- **Record set**
+ + + +

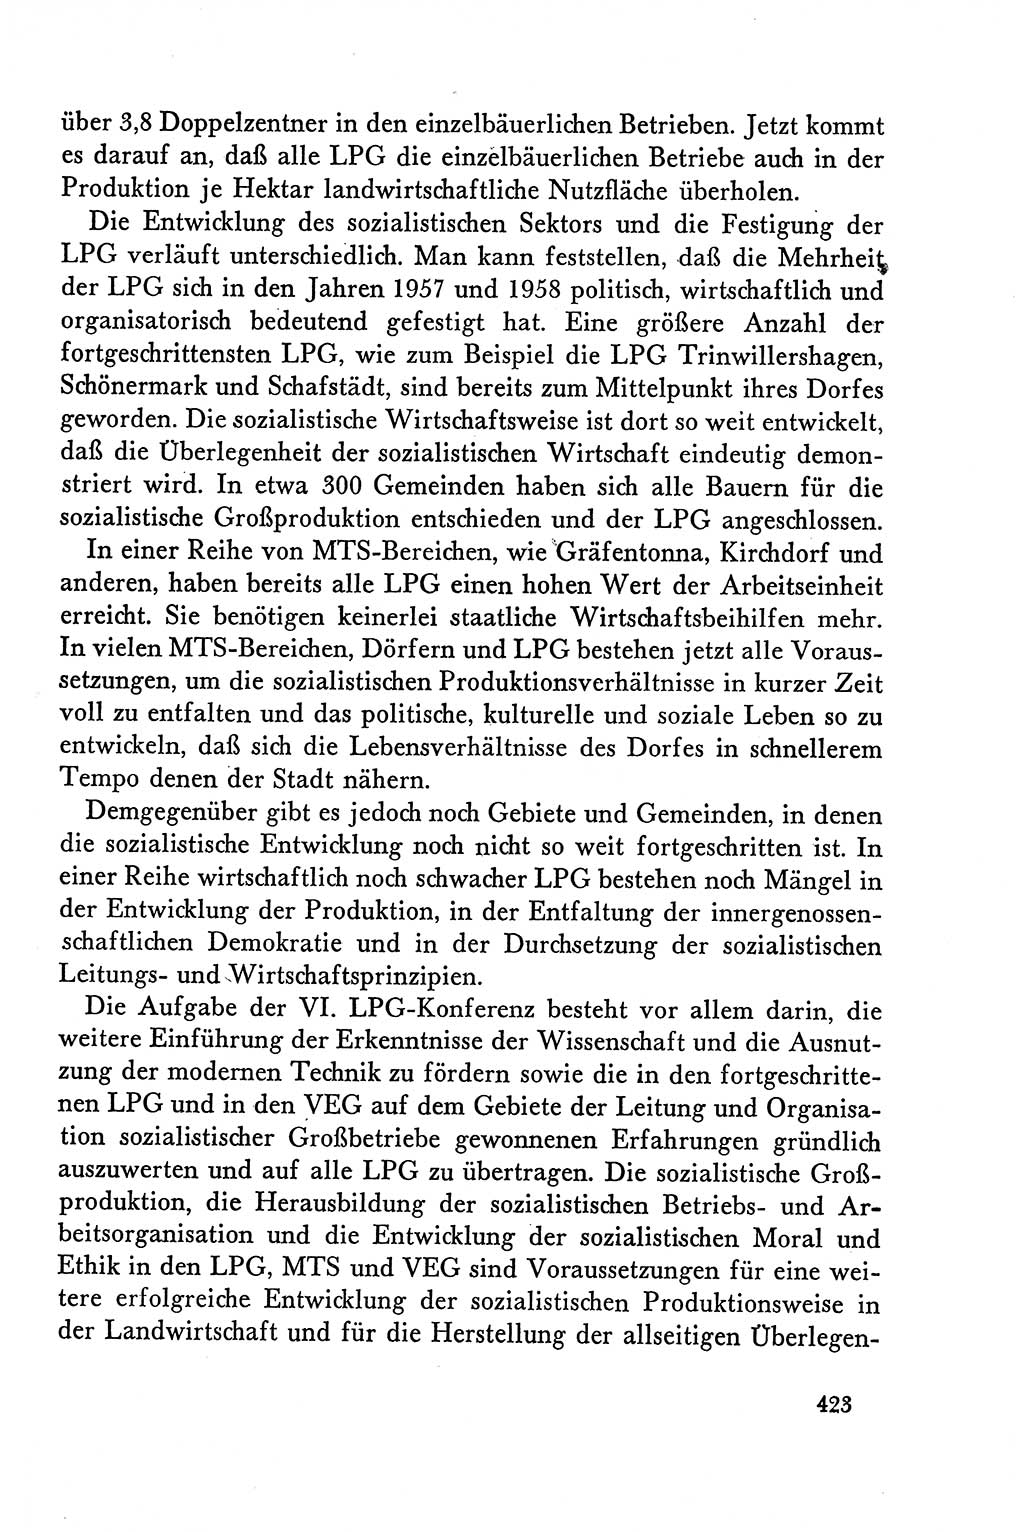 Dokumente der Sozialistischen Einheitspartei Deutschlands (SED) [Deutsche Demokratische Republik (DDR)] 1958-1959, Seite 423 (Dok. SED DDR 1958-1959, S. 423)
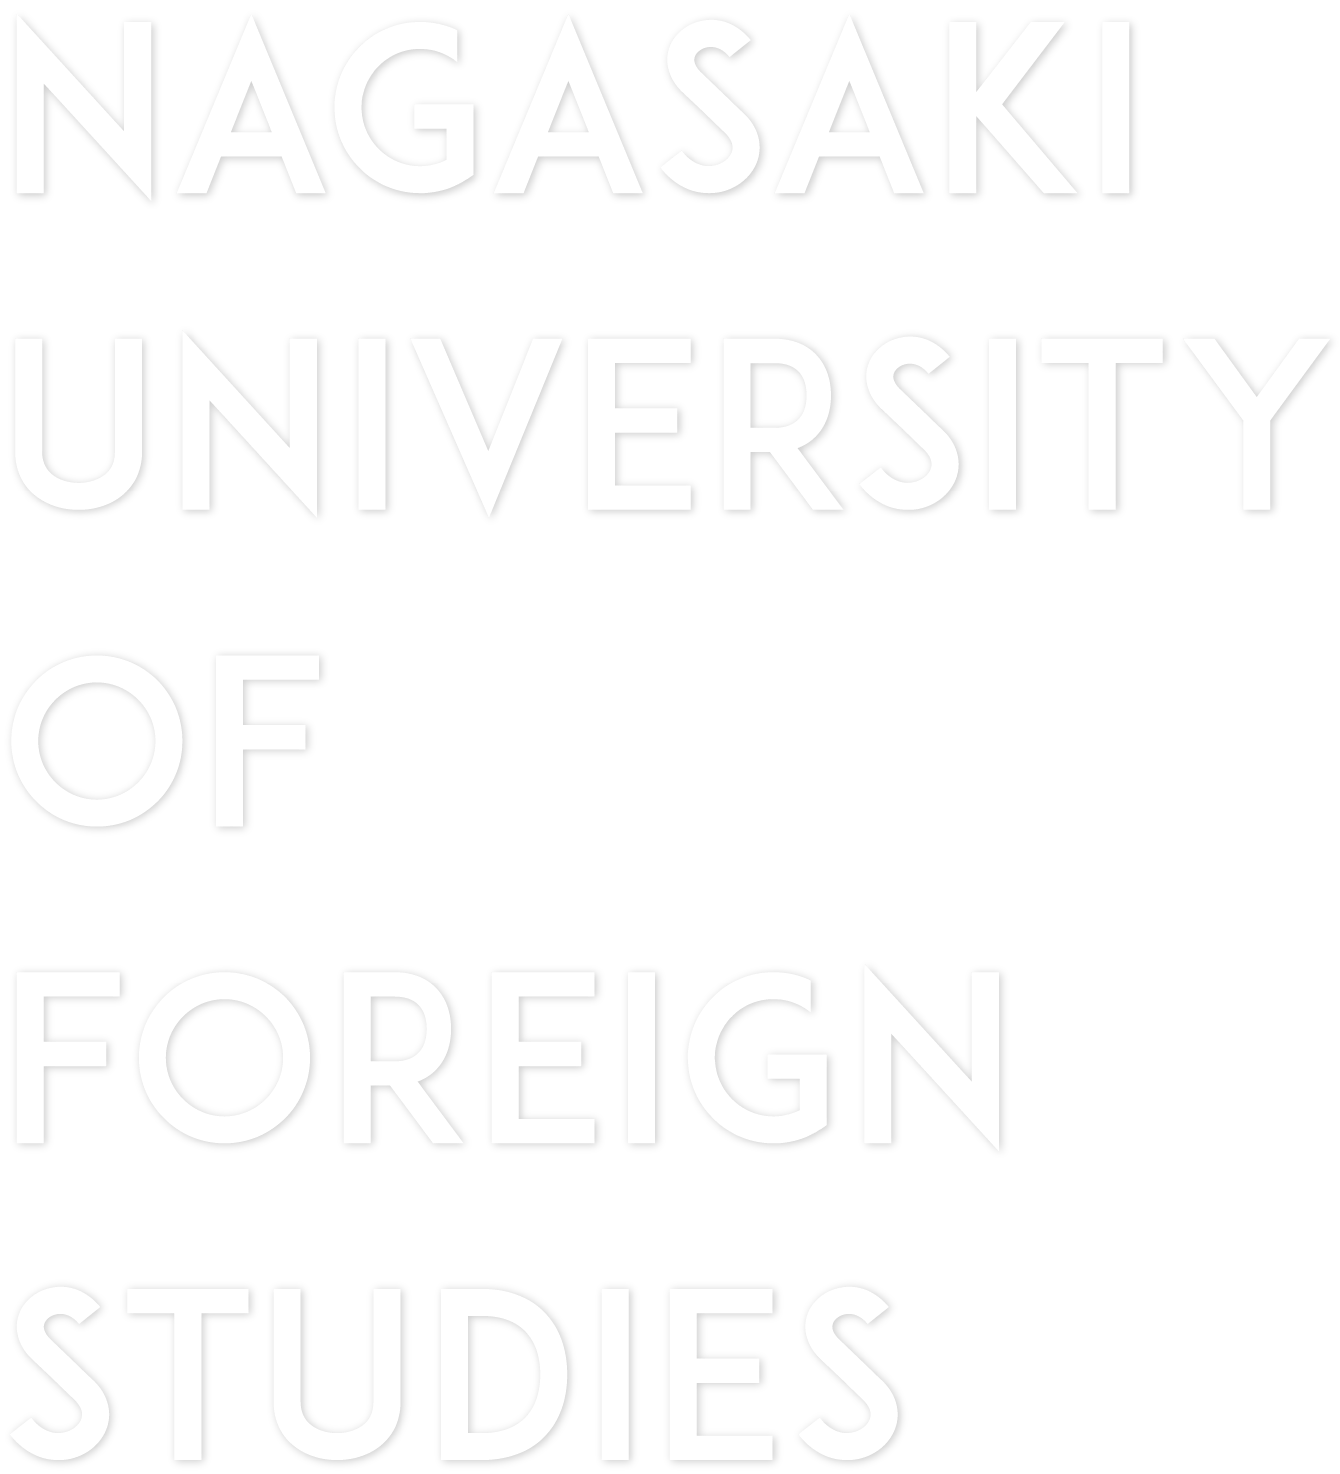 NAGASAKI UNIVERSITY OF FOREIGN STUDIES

+ + + +

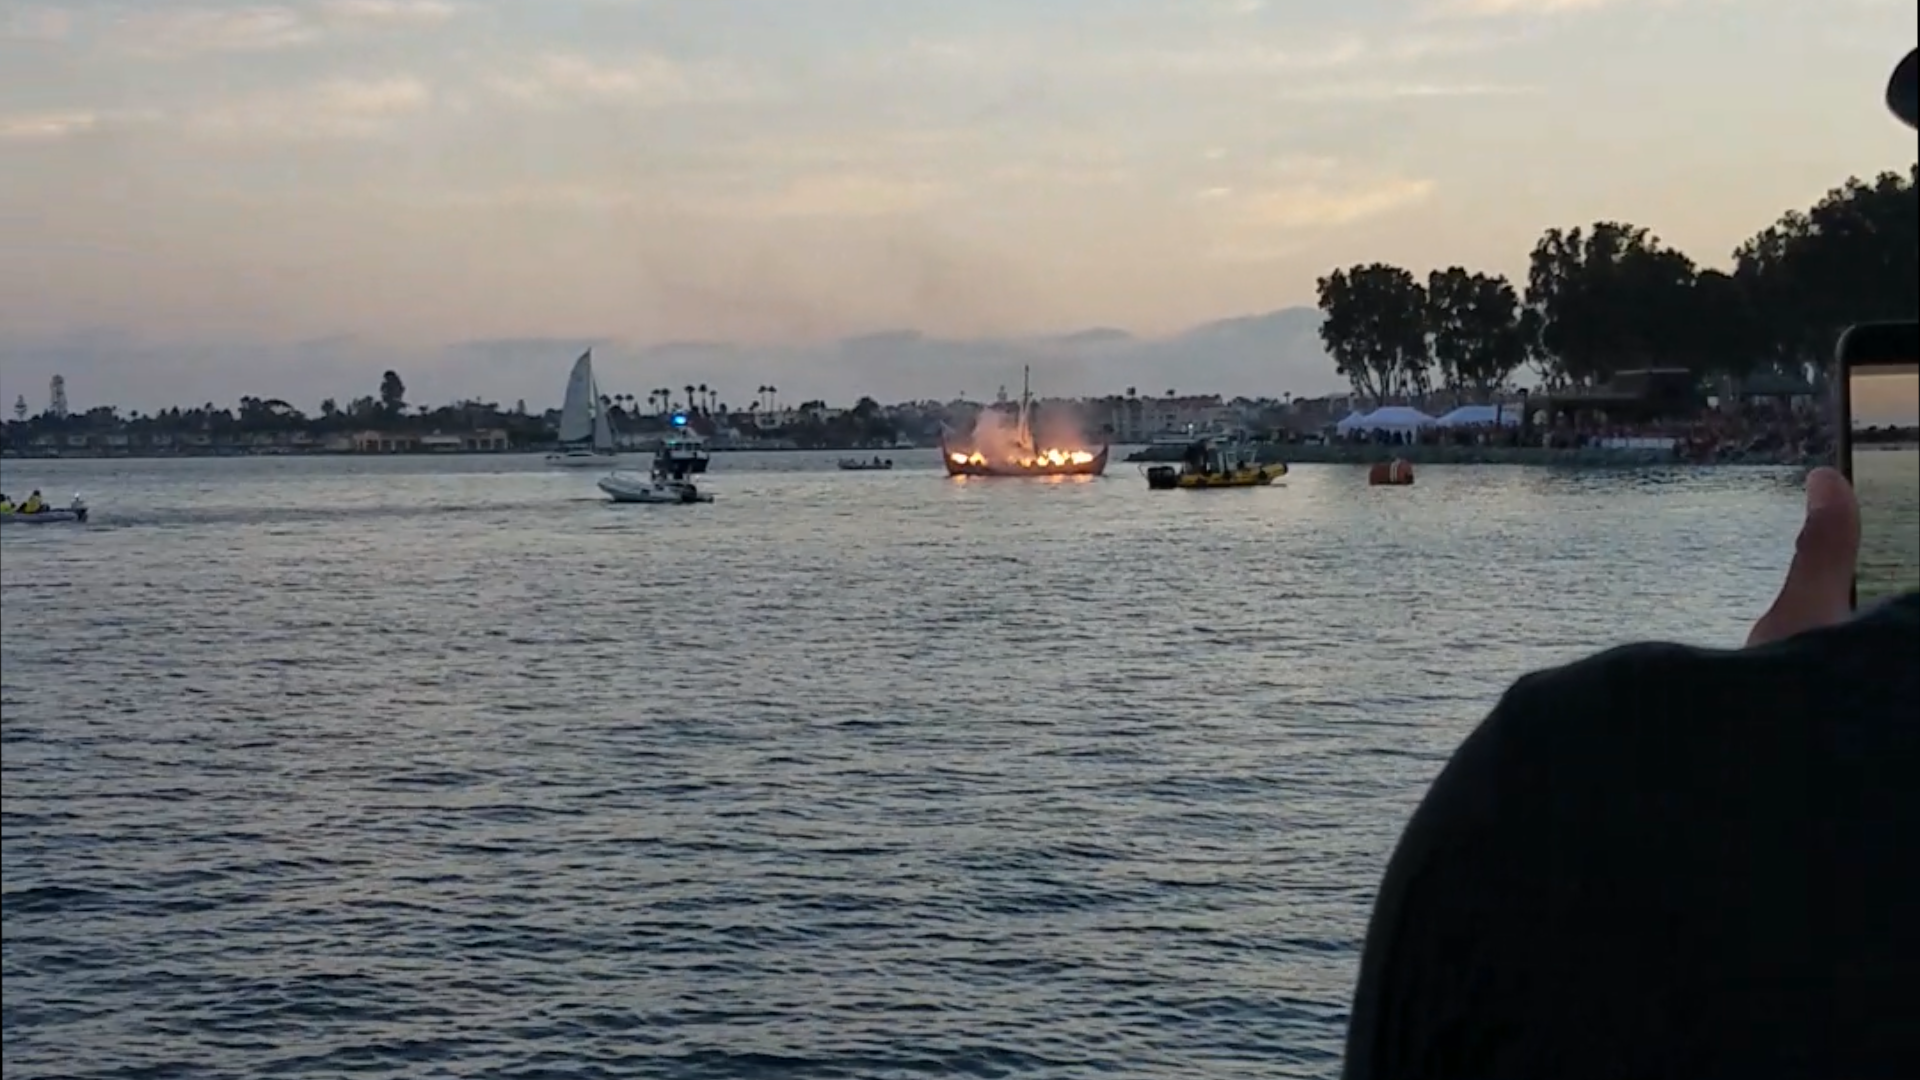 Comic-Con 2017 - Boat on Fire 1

+ + + +

- **Aim of the exercise**
Work from the entries above. Set down exactly and only the lines from the line with "Dokumente der Sozialistischen" to the line with "NAGASAKI UNIVERSITY OF FOREIGN STUDIES", both included, and leave the pictures out.

- **Answer section**
 Dokumente der Sozialistischen Einheitspartei Deutschlands (SED) [Deutsche Demokratische Republik (DDR)] 1958-1959, Seite 423 (Dok. SED DDR 1958-1959, S. 423)
 NAGASAKI UNIVERSITY OF FOREIGN STUDIES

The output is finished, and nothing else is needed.